Он вышел из придела церкви, ноги подкашивались; кожа на голове холодела, словно ее коснулись пальцы призрака. Он поднялся по лестнице и вошел в коридор, на стенах которого висели пальто и макинтоши, как преданные казни злодеи — безглавые, истекающие кровью, бесформенные. И с каждым шагом его все сильнее охватывал ужас, что он уже умер, что душа его вырвалась из своей телесной оболочки и что он стремглав несется в бездну.
Пол ускользал у него из-под ног, и он тяжело опустился за парту, не глядя открыл какую-то книгу и уткнулся в нее. Каждое слово — о нем. Да, это так. Бог — всемогущ. Бог может призвать его сию минуту, вот сейчас, когда он сидит за партой, прежде чем он успеет осознать, что это конец. Бог уже призвал его. Как? Так, сразу? Все тело его сжалось, словно чувствуя приближение жадных языков пламени, скорчилось, словно его опалил огненный вихрь. Он умер. Да. Его судят. Огненная волна взметнулась и опалила его тело! Одна, другая. Мозг начал раскаляться. Еще волна. Мозг закипает, бурлит в раскалывающейся коробке черепа.

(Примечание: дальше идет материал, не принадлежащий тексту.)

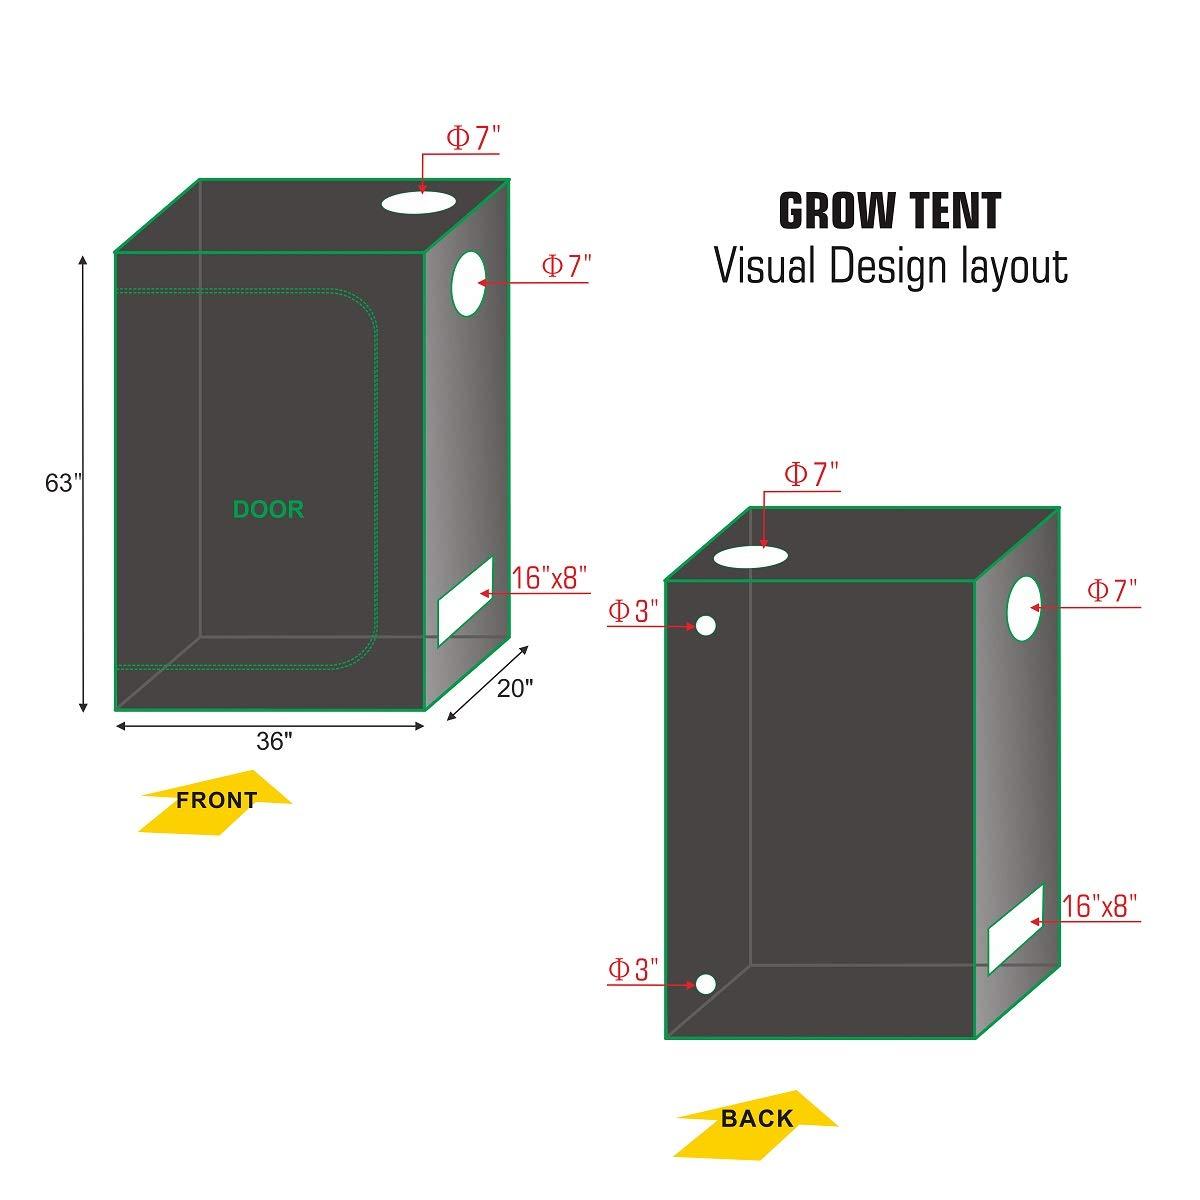 Hydro Plus Grow Tent Complete Kit LED 300W Grow Light 4 Fan Filter Ventilation Kit 36 x20 x63 Grow Tent Setup Hydroponics Indoor Plants Growing System LED300W 36 x20 x63 4 Filter Kit

Языки пламени вырываются из черепа огненным венцом и взывают тысячью голосов:
— Ад! ад! ад! ад!
Голоса раздались около него:
— Он говорил об аде.
— Ну что? Все он вам втолковал?
— Еще как. Чуть со страха не умерли.
— С вами только так и надо. Не мешало бы почаще вас наставлять, тогда, может, учиться будете лучше.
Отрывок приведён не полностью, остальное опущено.